Task: Verbatim output of the lines below is required, with the images omitted.

Input data:
>>
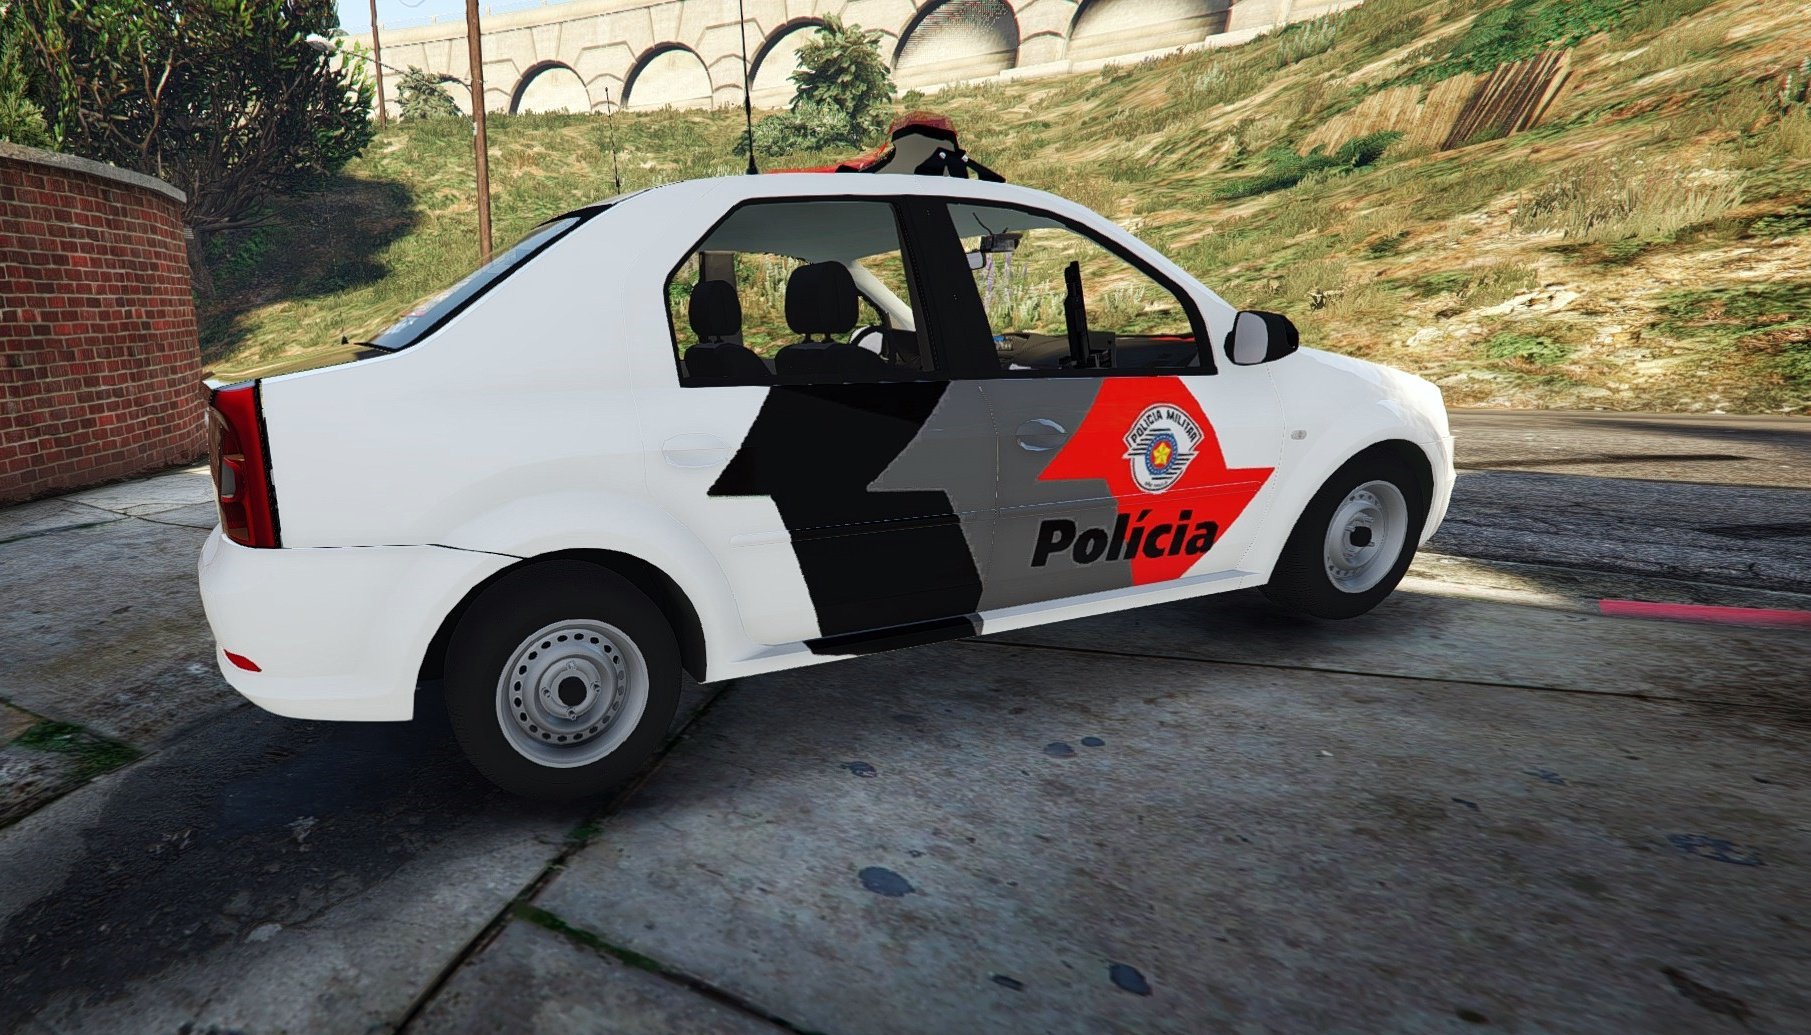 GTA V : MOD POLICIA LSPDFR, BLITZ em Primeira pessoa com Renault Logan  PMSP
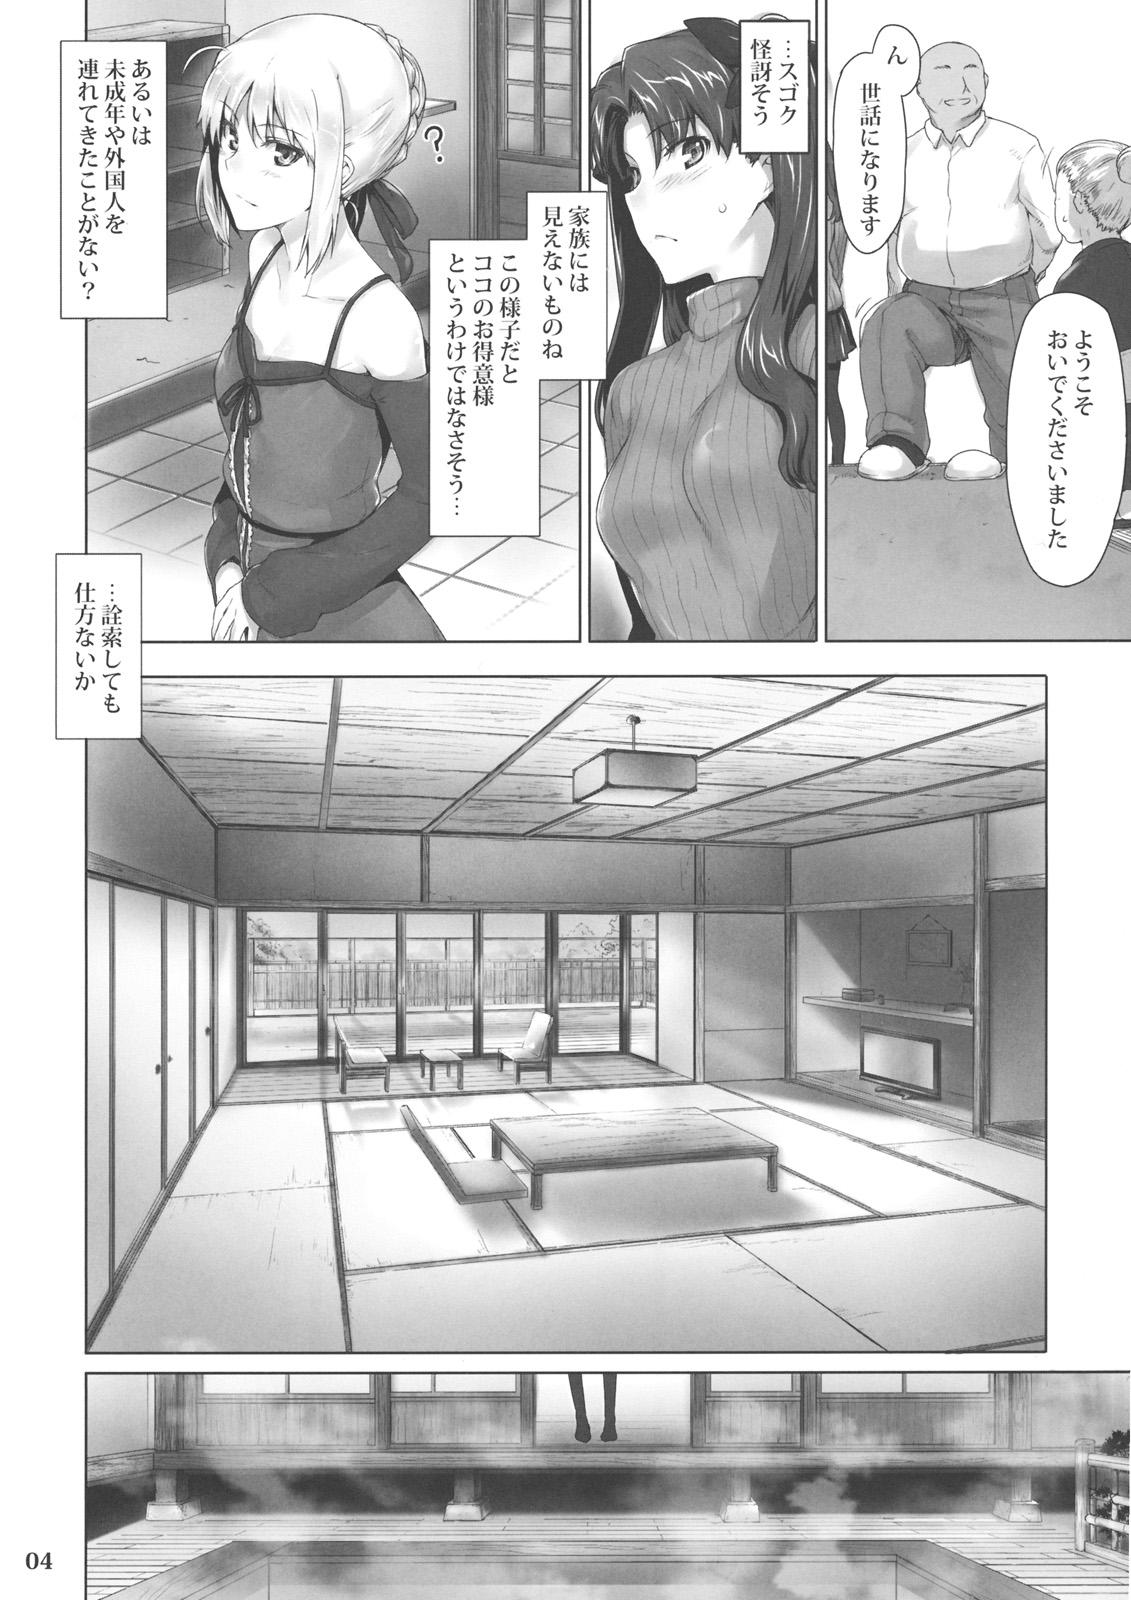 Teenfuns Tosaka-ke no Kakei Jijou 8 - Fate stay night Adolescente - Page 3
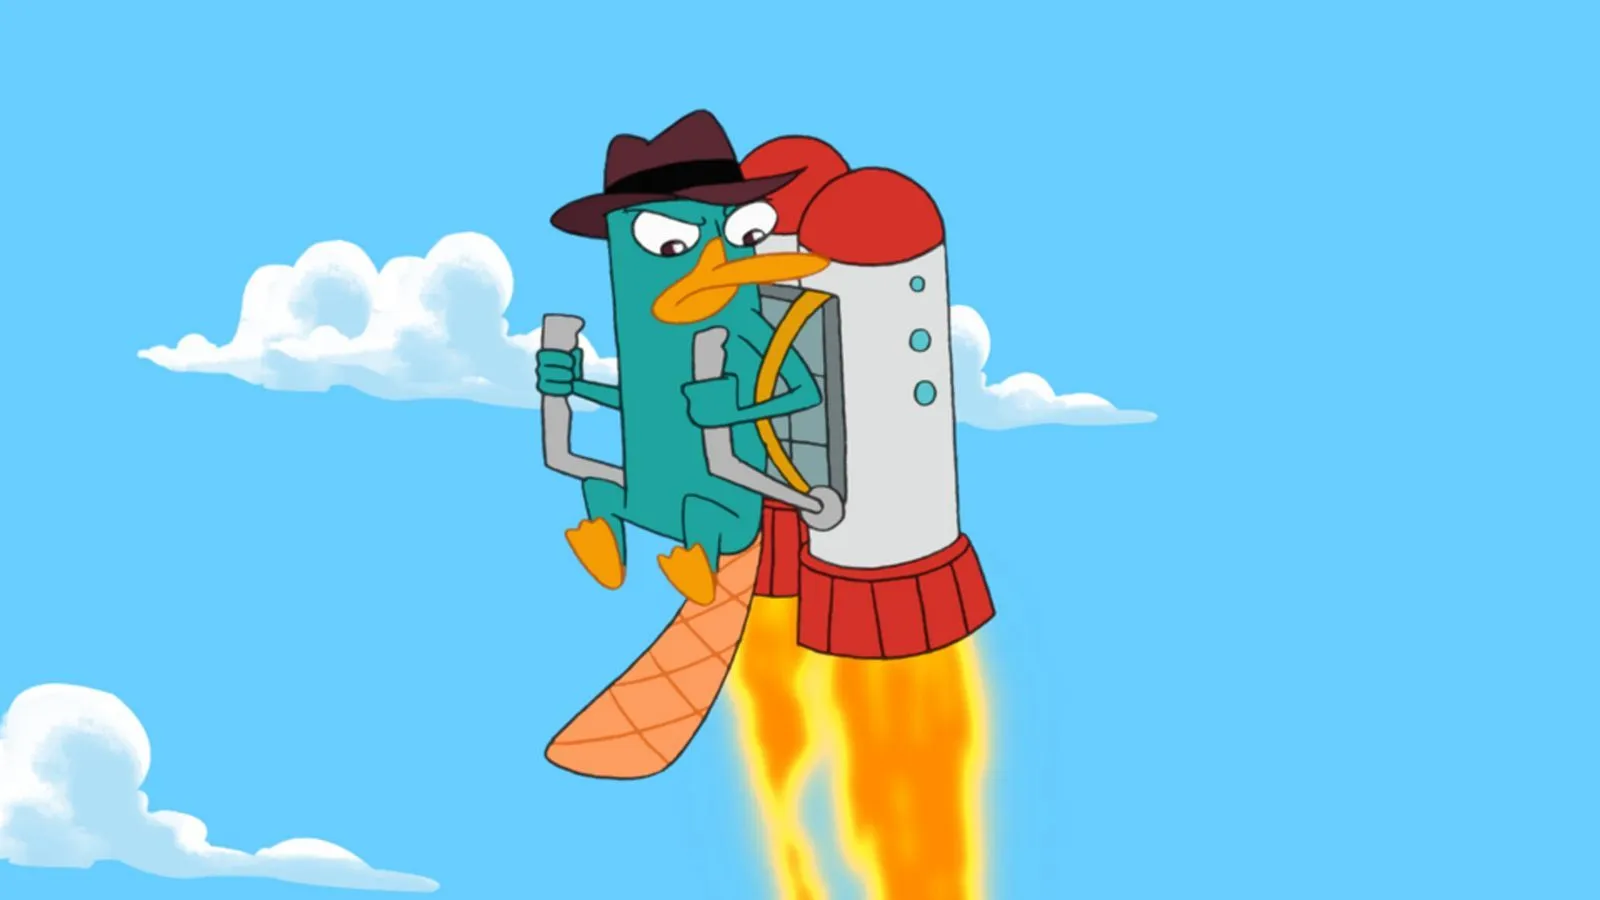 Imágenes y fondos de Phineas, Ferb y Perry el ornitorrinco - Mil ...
<<
Task solution:
 GTA V : MOD POLICIA LSPDFR, BLITZ em Primeira pessoa com Renault Logan  PMSP
 Teenfuns Tosaka-ke no Kakei Jijou 8 - Fate stay night Adolescente - Page 3
 Imágenes y fondos de Phineas, Ferb y Perry el ornitorrinco - Mil ...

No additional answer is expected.